Les Omoro Sōshi (おもろさうし) sont une compilation d'anciens poèmes et chansons du royaume de Ryūkyū (annexé par le Japon en 1879 puis renommé Okinawa et des îles Amami), rassemblés en 22 volumes et composés essentiellement en hiragana avec quelques simples kanji. Le recueil comprend 1 553 poèmes, mais beaucoup sont répétés. Le nombre de pièces uniques est de 1 144[1].
Le hiragana utilisé, cependant, est une orthographe traditionnelle qui associe des sons différents aux caractères que leurs lectures normales japonaises. Les caractères utilisés pour écrire Omoro, par exemple (おもろ), sont écrits de cette même manière, mais prononcés comme umuru en okinawaïen.
Les poésies contenues dans ces volumes s'étendent du XIIe siècle, ou même plus tôt, jusqu'à certaines composées par la reine de Shō Nei (1589-1619). Bien que formellement composée et enregistrée durant ces périodes, la plupart sinon la totalité, sont soupçonnés de provenir de traditions beaucoup anciennes, en raison de la langue, du style et du contenu. Les poèmes contenus dans la compilation varient, mais suivent un schéma général de reconnaissance des héros célèbres du passé, des poètes et des guerriers, et des rois aux voyageurs. Quelques-uns sont des poèmes d'amour. Ils varient de deux à quarante versets, certains faisant un usage intensif de la rime et des structures couplet.

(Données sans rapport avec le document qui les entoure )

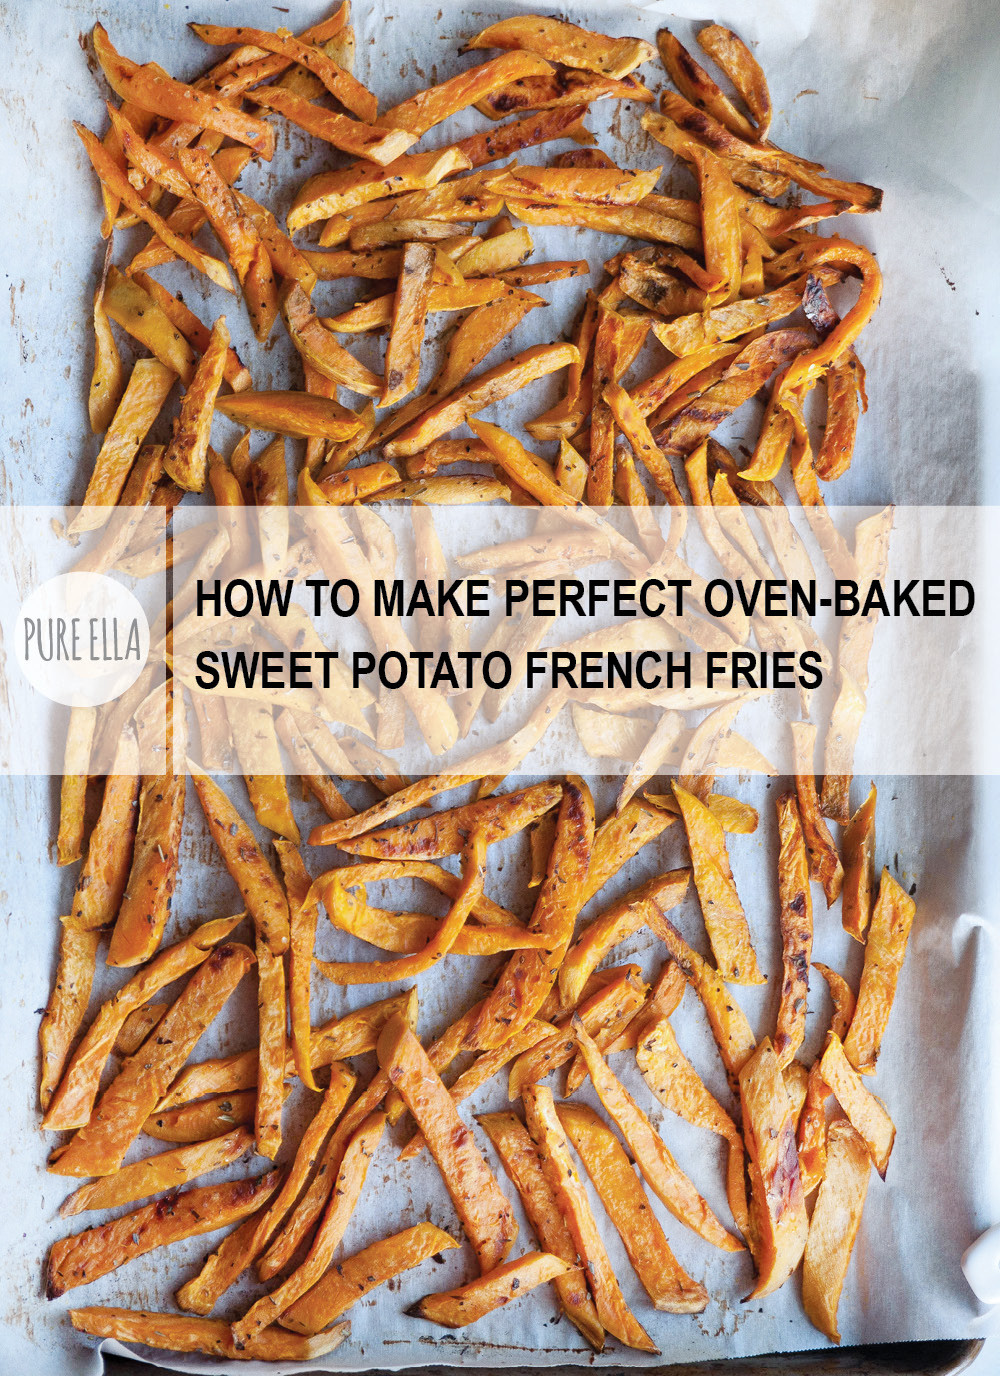 How To Make The Perfect Baked Potato
 How to Make Perfect Oven Baked Sweet Potato French Fries
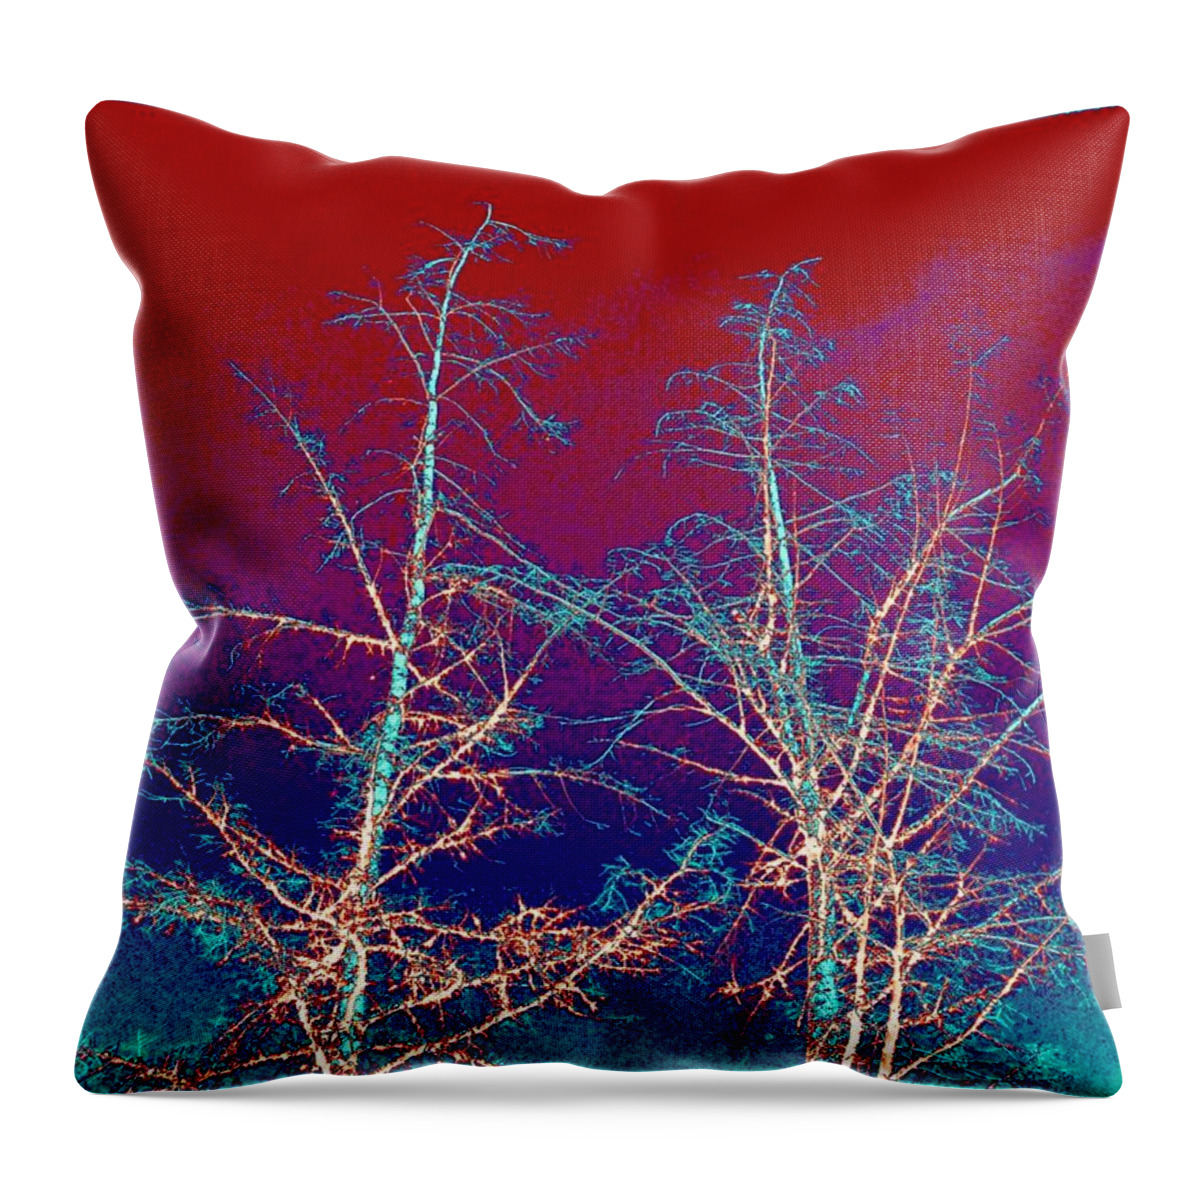 Abstract Throw Pillow featuring the digital art Treetops 4 by Will Borden

Sōshi (草紙 ) signifie simplement une œuvre écrite, mais les origines et la signification de l'expression « omoro » sont plus insaisissables. Iha Fuyu fait partie des universitaires qui l'associent aux différents mots associés aux oracles et aux chants divins. Il suggère en outre que le terme fait référence à « omori », mot de la langue des Ryūkyū désignant les bosquets sacrés. Zenchū Nakahara, d'autre part, remonte au « umuru » ou « umui » des Ryūkyū , qui signifie « penser »[2].
Quelle que soit la véritable signification ou l'origine de l'expression, cependant, un nuage de base de significations est néanmoins évident. L'Omoro sōshi, « compilation de pensées » ou de mémoire collective, est également associé à des bosquets sacrés et des chants divins.
Les Omoro, en tant que forme, passent pour être les prédécesseurs dans la culture des Ryūkyū des formes distinctes de musique, de danse et de littérature; ils intègrent ces trois modes d'expression. Ce n'est qu'après des siècles de développement, et les influences de la Chine, du Japon et des cultures des diverses îles du sud, que se développent des traditions distinctes de musique, de danse et de littérature, la littérature étant la seule à être conservée avec une certaine constance. En dehors de ce qui peut être déduit ou reconstruit à partir des Omoro Soshi, aucune trace ne survit aujourd'hui des formes antérieures de la musique et de la danse des îles Ryūkyū.
Bien que reflétant des traditions populaires anciennes, les poèmes illustrent également les liens étroits dont jouissent les Ryūkyū avec d'autres États voisins. Beaucoup d'îles Ryūkyū, en grande partie culturellement et linguistiquement isolées, sont mentionnées, ainsi que divers endroits au Japon, en Chine, en Asie du Sud et dans les mers du Sud.
Les Omoro Sōshi sont d'abord compilés en 1532, et de nouveau en 1613 et 1623, dans le cadre des tentatives du gouvernement royal pour assurer sa légitimité culturelle ou spirituelle et sa puissance. La première compilation paraît juste après le règne de Shō Shin, qui consolide, centralise et réforme le gouvernement, et la seconde juste après que le royaume de Ryūkyū est devenu un vassal direct de Satsuma. À chaque fois, des moyens culturels et idéologiques, ainsi que ceux politiques plus terre à terre, sont nécessaires pour assurer l'unité et maintenir le lien avec la tradition et l'histoire.
Seule une petite poignée de chercheurs a étudié les documents en profondeur. Les vastes changements dans la culture et la langue des îles Ryūkyū au cours des derniers siècles ont rendu cette poésie difficile à utiliser et à comprendre, et Iha Fuyu (d. 1947) et Nakahara Zenchu (d. 1964) sont parmi les seuls à l'avoir longuement étudié. Iha, Nakahara, et plusieurs autres ont utilisé la compilation comme base pour la recherche sur les anciennes coutumes et la société des Ryūkyū. Une analyse approfondie a fourni des éléments d'une base de compréhension de la gouvernance ancienne, des structures sociales et de la religion populaire, mais on ne peut pas s'attendre à ce qu'une compréhension approfondie émane de ces documents.